■ **Provided material**:
********************

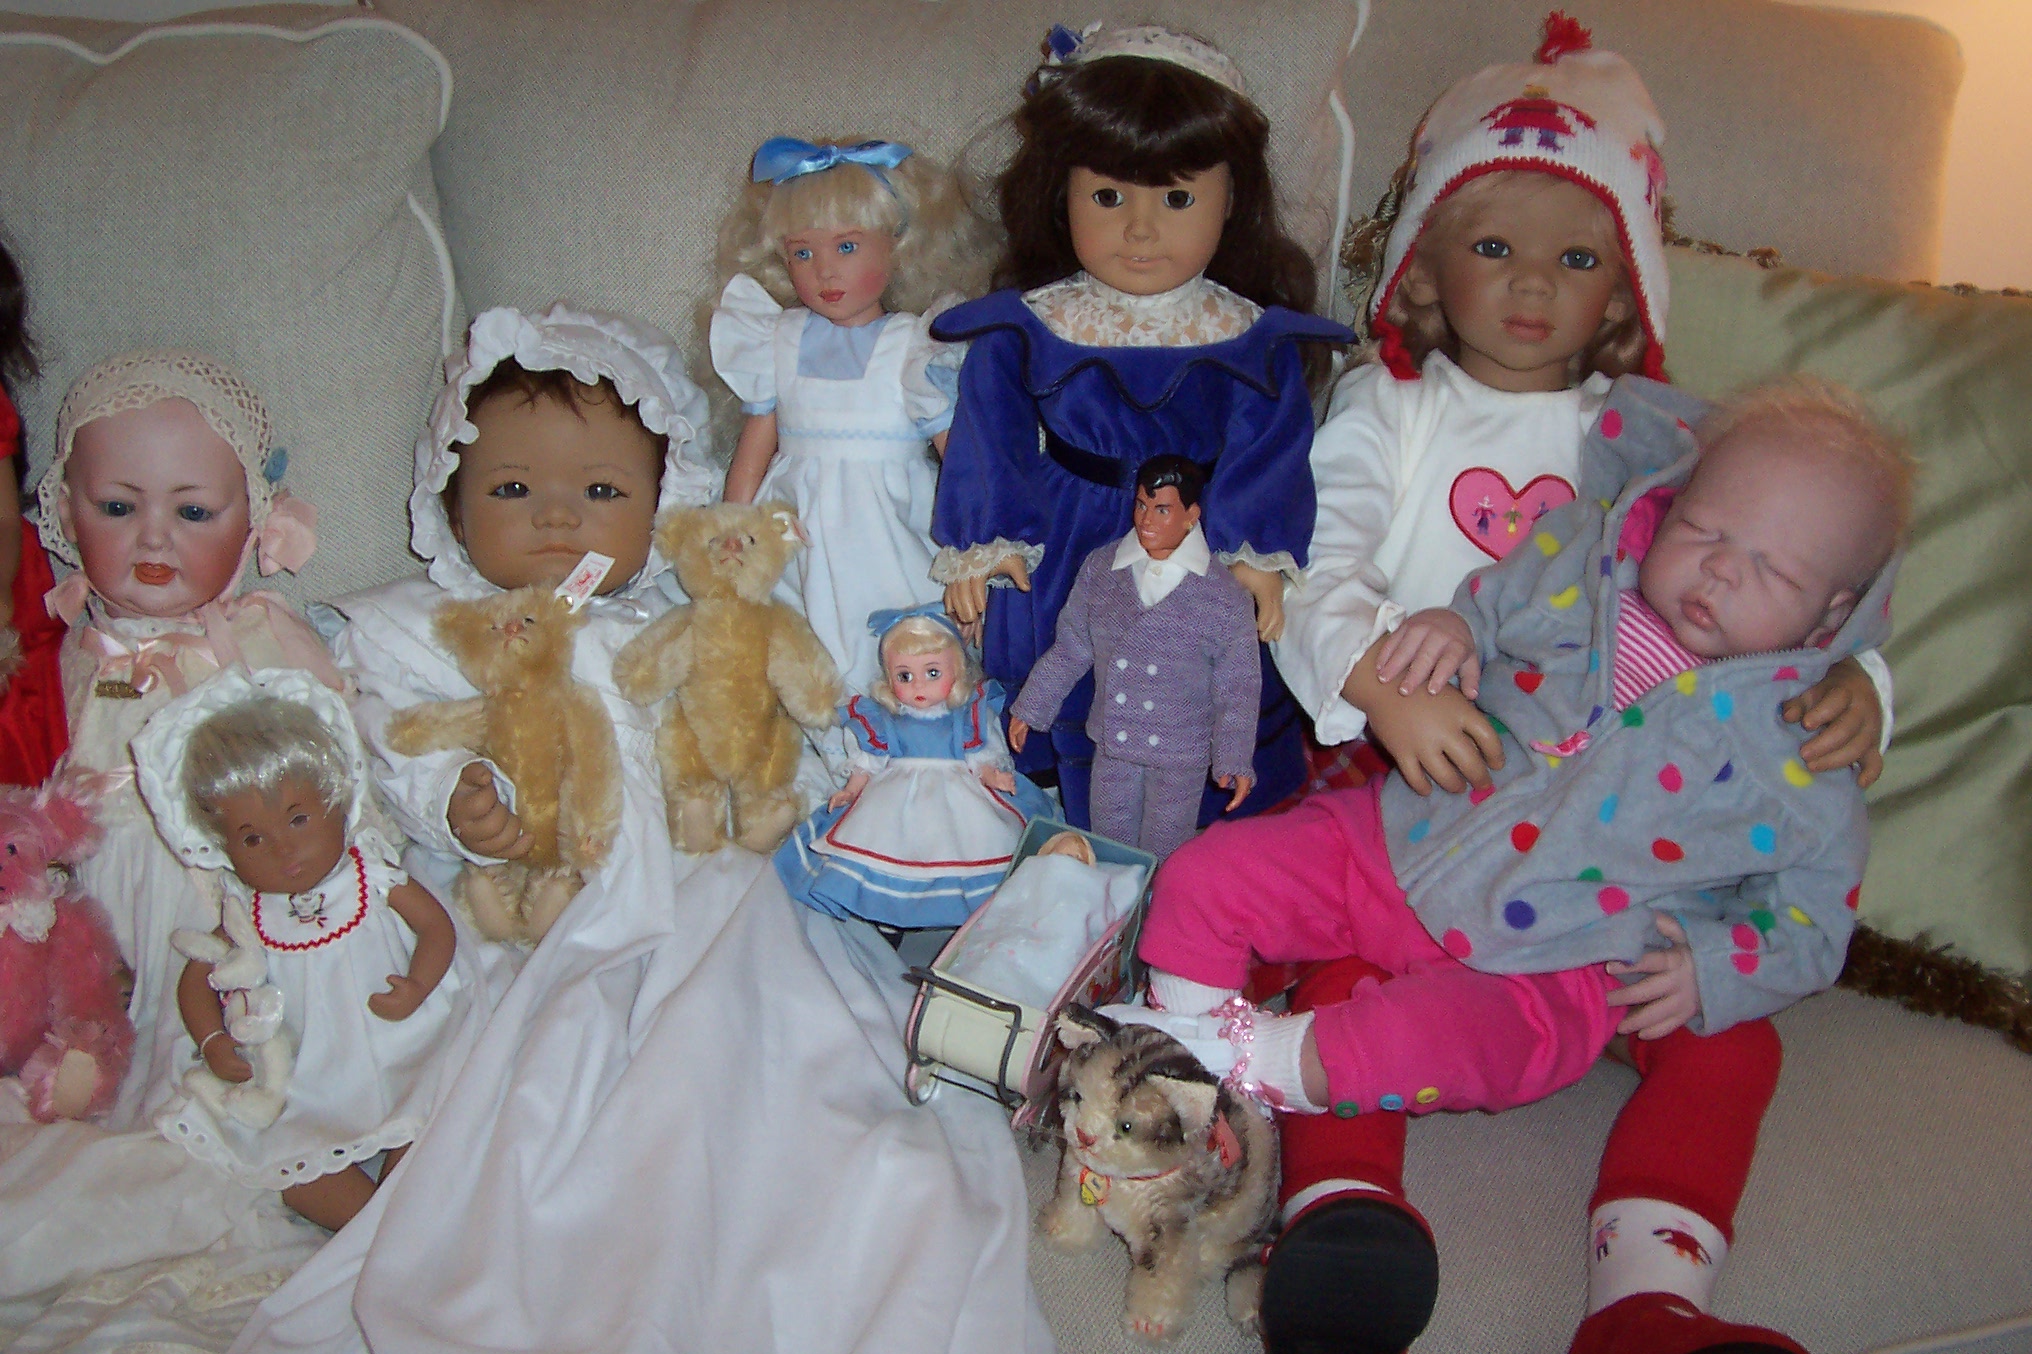 dolls.jpg
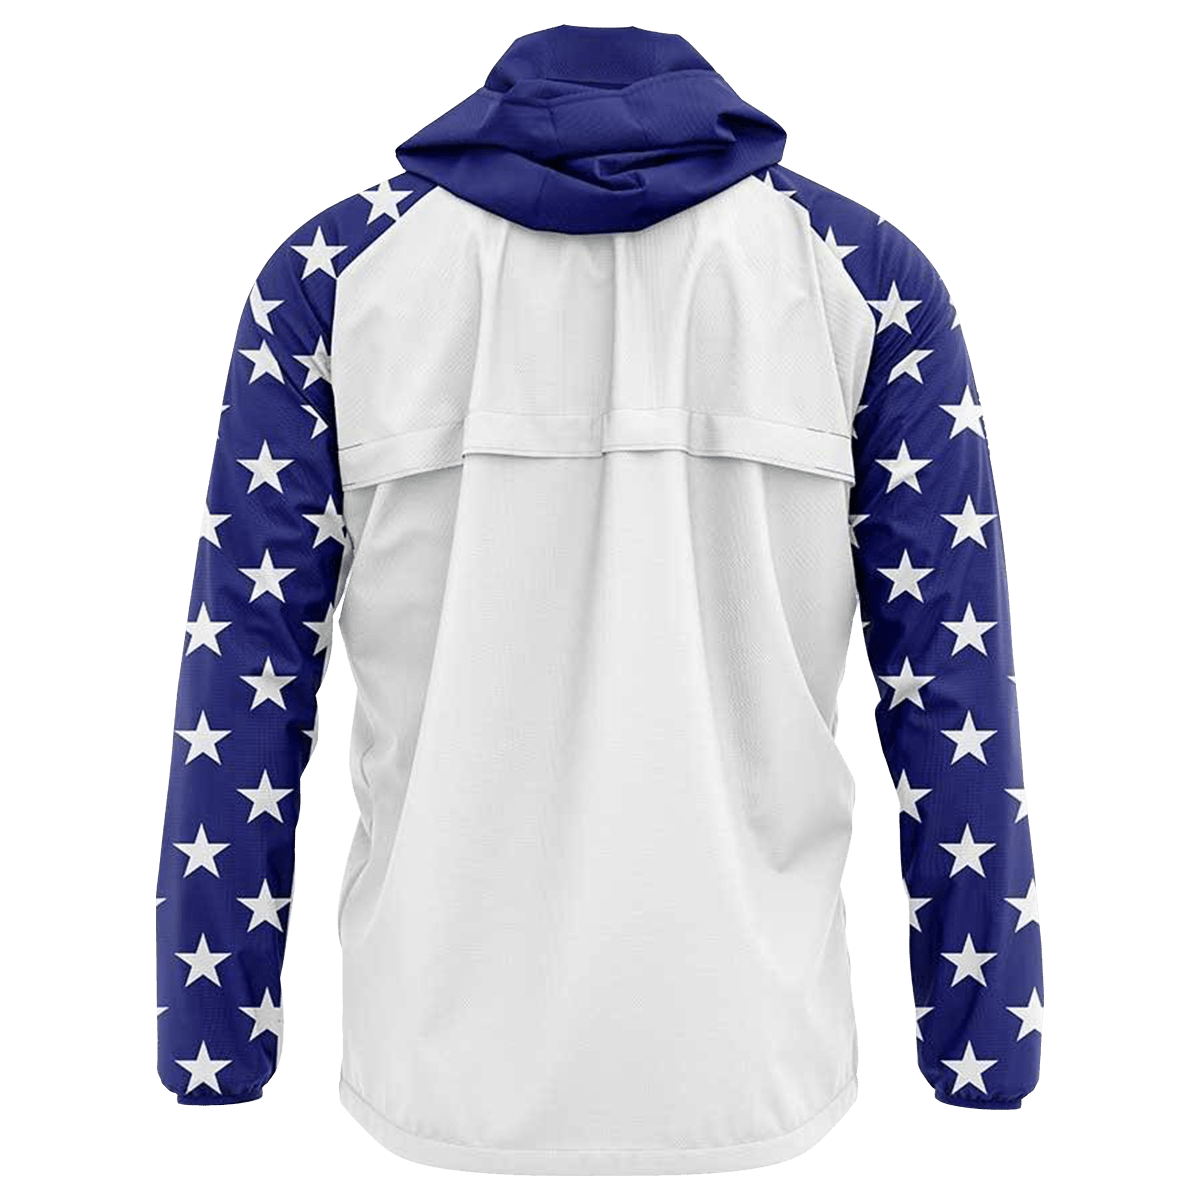 Thumbnail for USA Flag Jacket - Greater Half
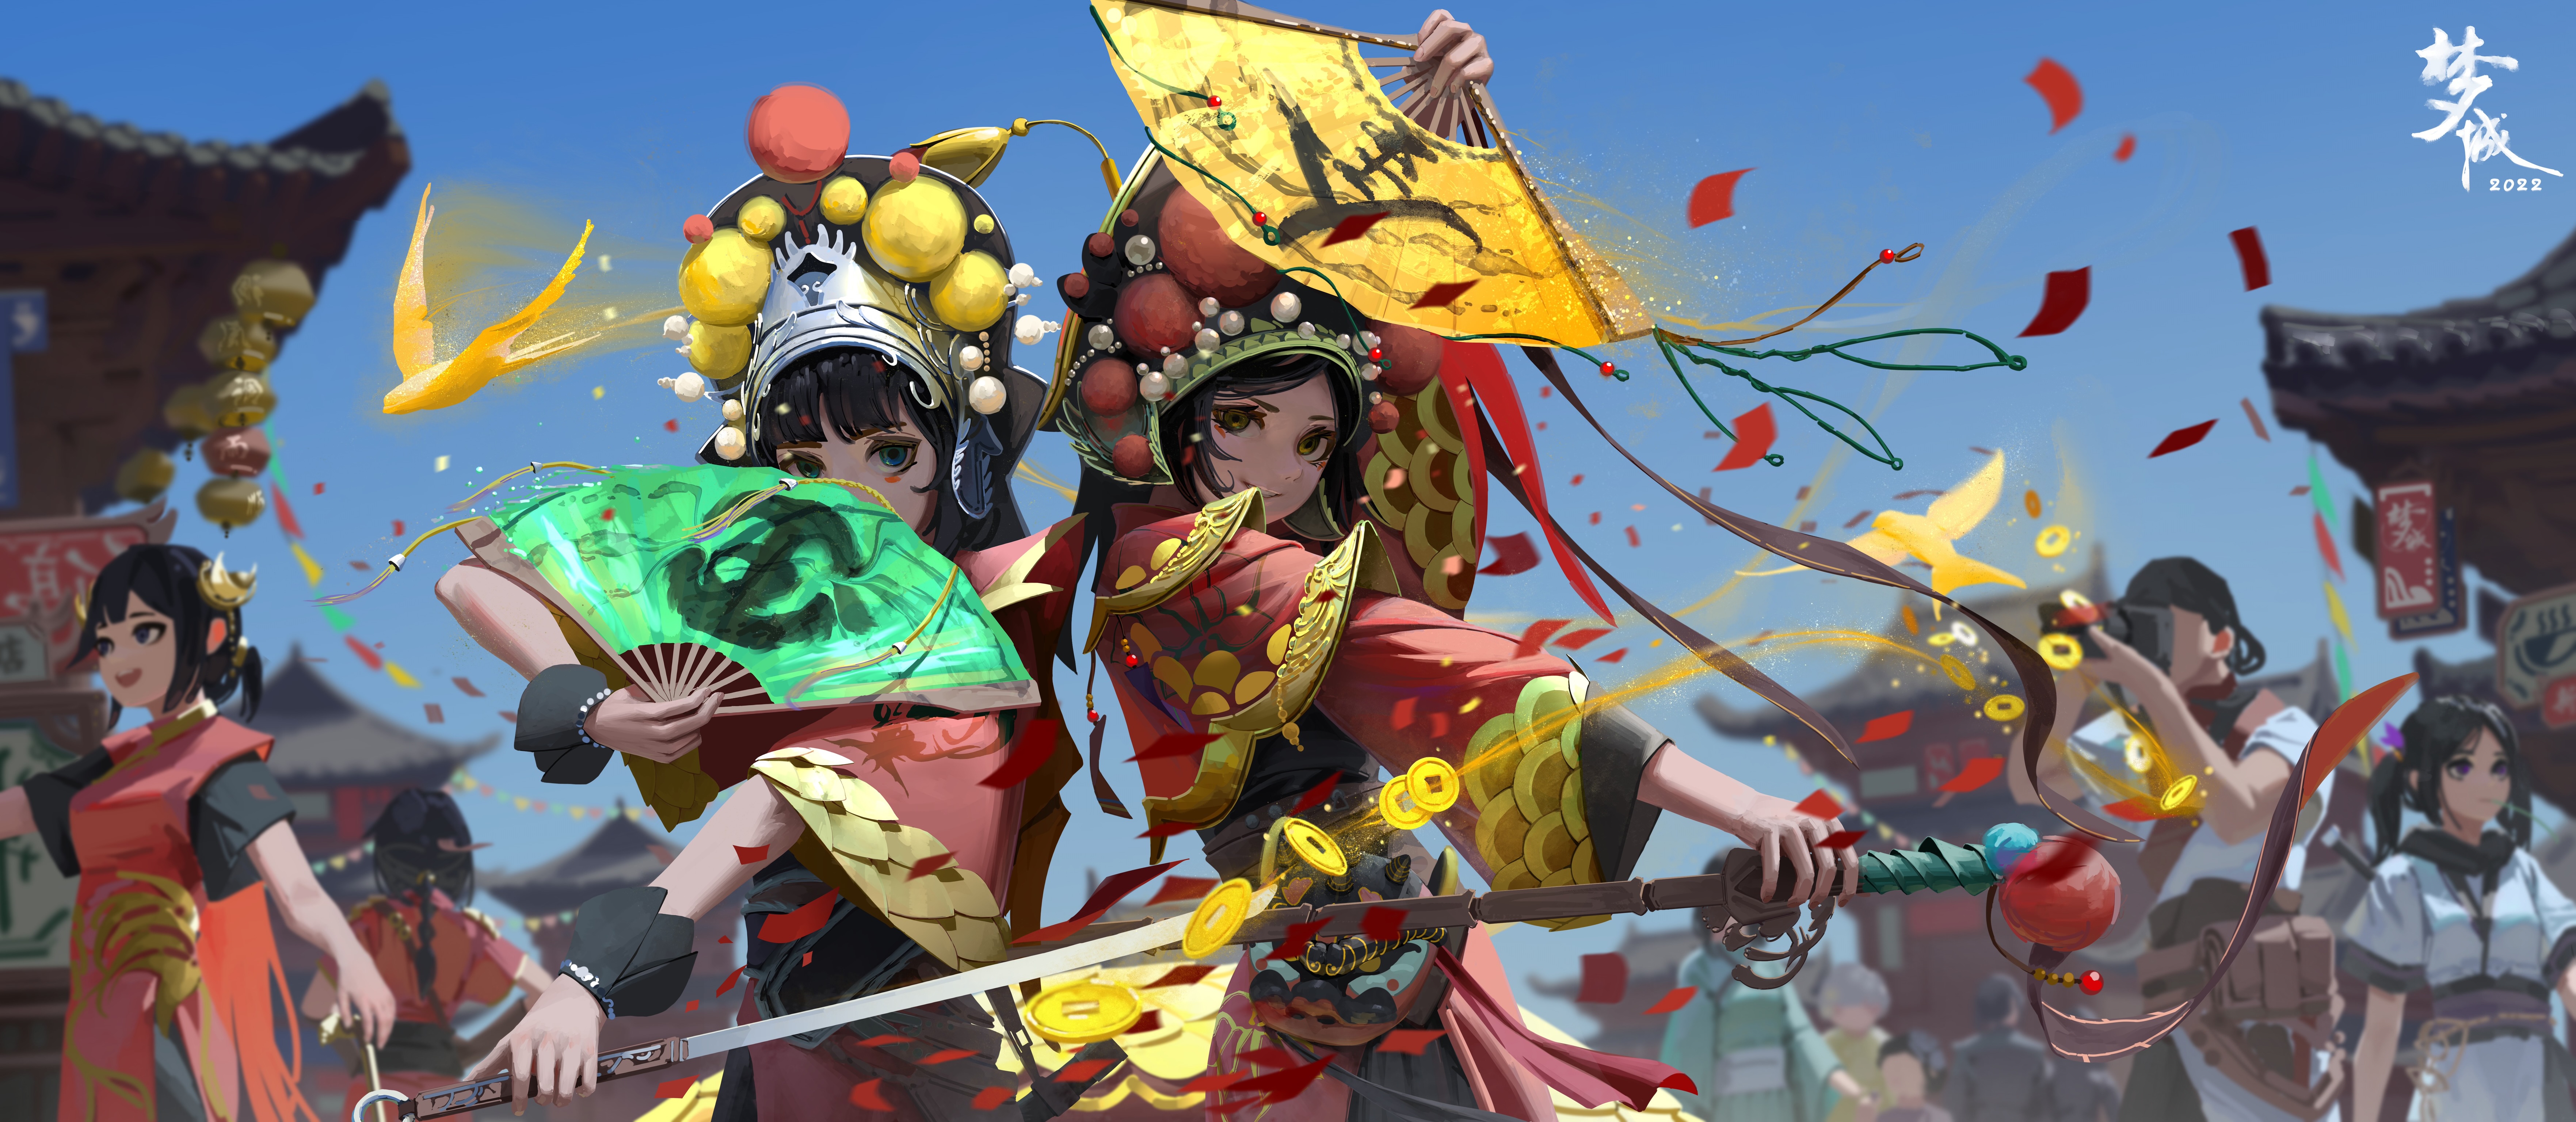 Beijing Opera Fans Anime Anime Girls Women With Swords Two Women Petals 7052x3072

********************

■ **Instructions for the task**:
Please give back every line above exactly as it stands, without pictures.

■ **Task result**:
 dolls.jpg
 Thumbnail for USA Flag Jacket - Greater Half
 Beijing Opera Fans Anime Anime Girls Women With Swords Two Women Petals 7052x3072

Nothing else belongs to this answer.